Hari demi hari kini Qafia lalui walapun terkadang rasa sakit menyerang di perutnya namun tidak mempedulikannya. Baginya rasa sakit itu penghapus dosa-dosanya.


Qafia sedang berjalan menuju Musholla bersama Daffa dan Rafli. Entah apa yang mereka bicarakan hingga membuat mereka tertawa. Tiba-tiba Maria, Tisha dan Kayyis datang dan Maria langung mendorong Qafia. Qafia yang belum siappun langsung terjatuh. Dina dan jihan yang melihat kejadian itu langung berlari menolong  Qafia dan membantu Qafia bediri.


"Qaf kamu tidak apa-apa kan?"tanya Jihan khawatir.


" Maria apa-apaan sih kenapa kamu dorong Qafia?" Tanya Dina


"Ya jelas lah siapa suruh dekatin Kak Daffa. Kak Daffa kan calon suami ku."ucap Maria.


"Baru calon kan belum suami? Jadi orang bebas dekati Kak Daffa."ucap Dina.


"Lagian ya aku tidak mau sahabatku mempunyai mertua seorang pembunuh."ucap Jihan. " Ayo Din, Qaf kita pergi dari sini."ucap Jihan menarik tangan Qafia.

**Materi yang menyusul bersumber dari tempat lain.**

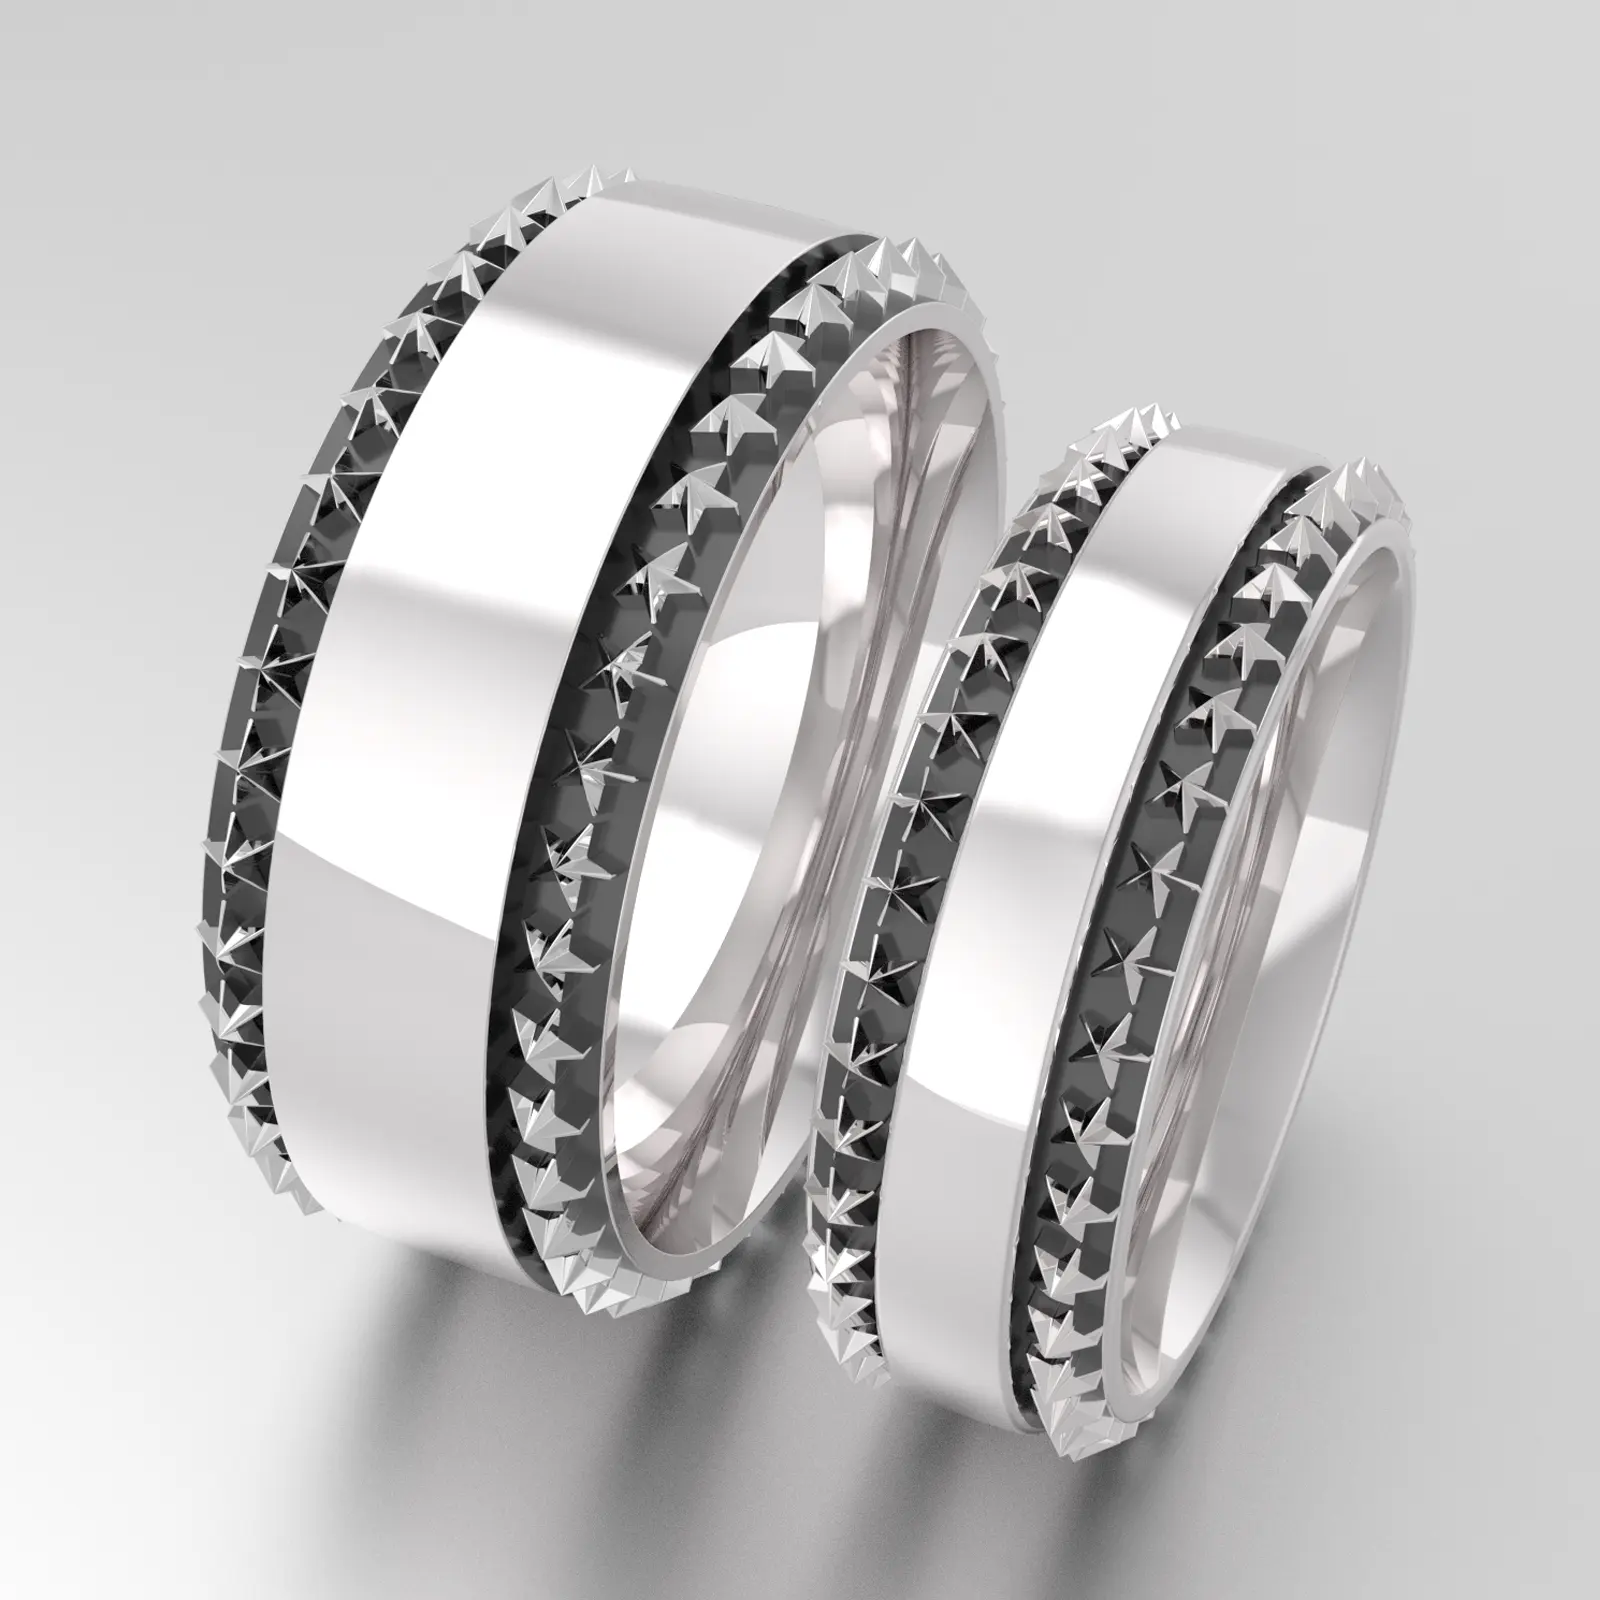 Ringe Zwei Sternen reihen Breite 5,5mm 925 Sterling versilbert Silber Paar Ring beschichtung 7,5mm Anillo De La Pareja Joyas Plata

Qafiapun menarik tangan Dina.


"Aku belum memberi keputusan ya tentang perjodohan ini. Dan dengan cara mu yang tadi membuat aku tadi berfikir apa kamu akan kaya gini dengan sepupu dan keluarga ku."ucap Daffa emosi. "Aku akan katakan pada mami dan papi  agar membatalkan perjodohan ini."


"Kak Daffa jangan kaya gitu dong. Aku minta maaf, aku hanya tidak mau kalau kak Daffa dekat sama cewe penyakitan itu. Kak apa kurangnya sih aku kenapa kakak bisa akrab sama cewe penyakitan itu dibanding aku?"


Izzah yang mendengar Maria menyebut nama Qafia dengan sebutan cewe penyakitan berlari ke dekat Daffa dan langsung menampar Maria. Daffa, Rafli, Kayyis dan Tisha tercengang dengan ulah Izzah yang tiba-tiba datang menampar Maria.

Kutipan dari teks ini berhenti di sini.